Wednesday, May 13, 2015

What is cost accounting? What are its objectives?

Cost accounting is a type of accounting that specifically looks at and analyzes the total cost that goes into manufacturing a product or maintaining a service. This information can then be compared to the money being made by these endeavors which then tells the company or accountant what the "break even" point is, as well as how much profit or loss is actually happening. Additionally, cost accounting allows a company to more closely analyze where exactly overspending might be occurring or what part of a process is especially cost intensive. Cost accounting is also somewhat variable because the costs being analyzed are not always fixed costs. Rent, depreciation, and interest on loans are fixed costs. They are not likely to change on a month to month basis. Those costs can be calculated with relative ease; however, the variable costs are not so easy to calculate.
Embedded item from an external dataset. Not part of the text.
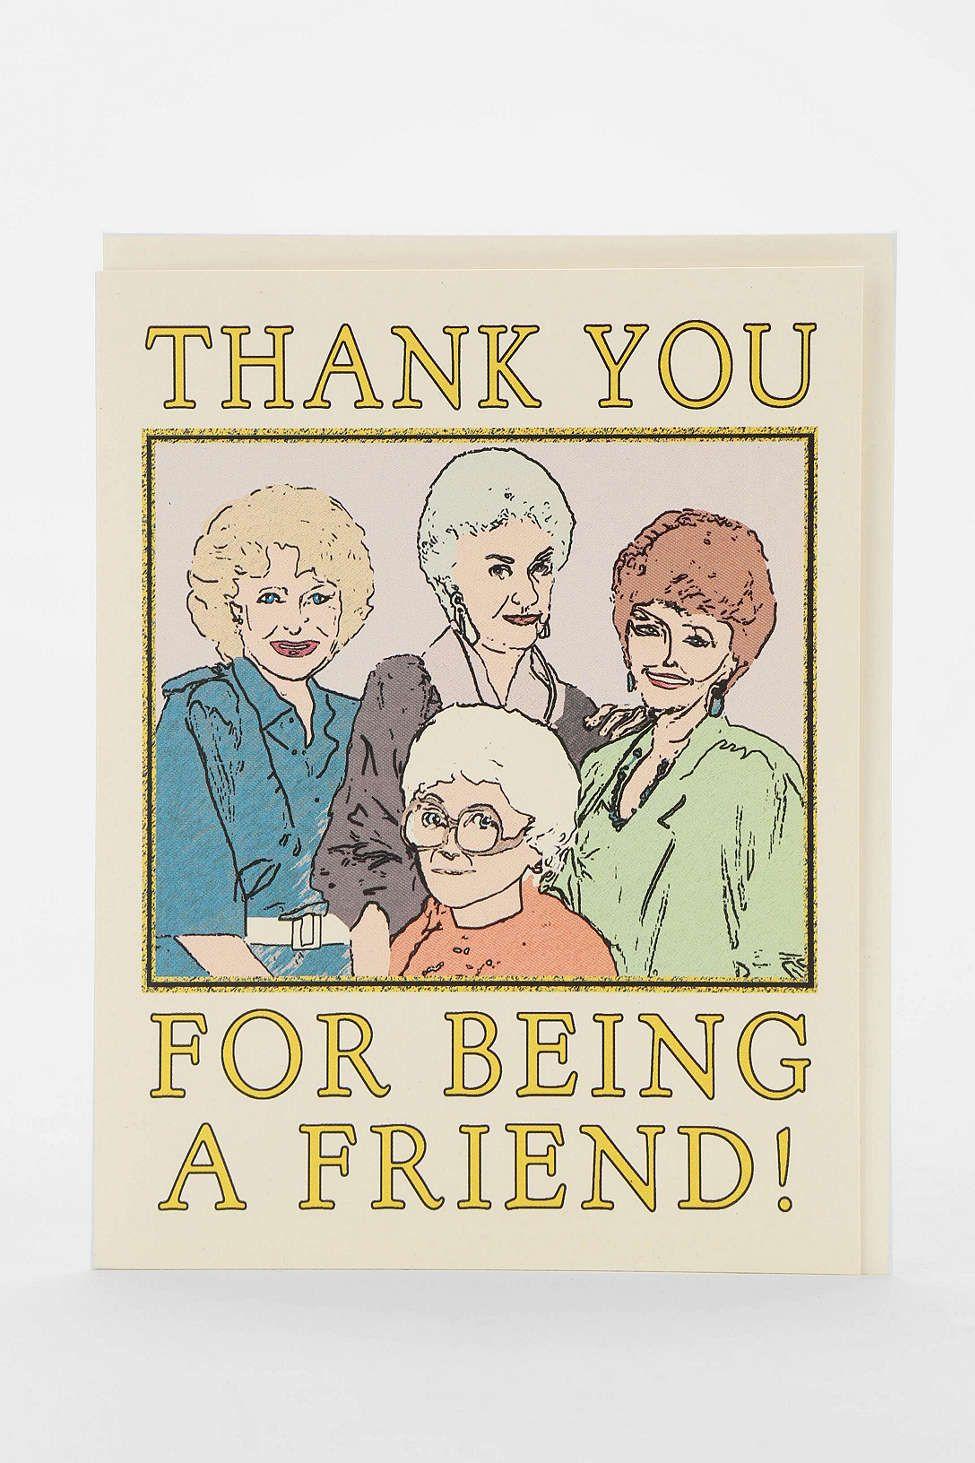 seas and peas golden girls thank you card g r e e t paper hellos

They can change from month to month, so lots of data needs to be analyzed in order to come up with realistic working averages. Typically, variable costs fluctuate with production amounts. More production means more cost being spent on supplies and labor. The hope is that profit margins are maintained or even increased, but that might not be the case. That is one reason why cost accounting can be beneficial. Another variable cost is maintenance. In some ways, this could be a fixed cost. A company might have monthly scheduled overhauls of equipment, but things will break down unexpectedly, as well. This is always a variable cost.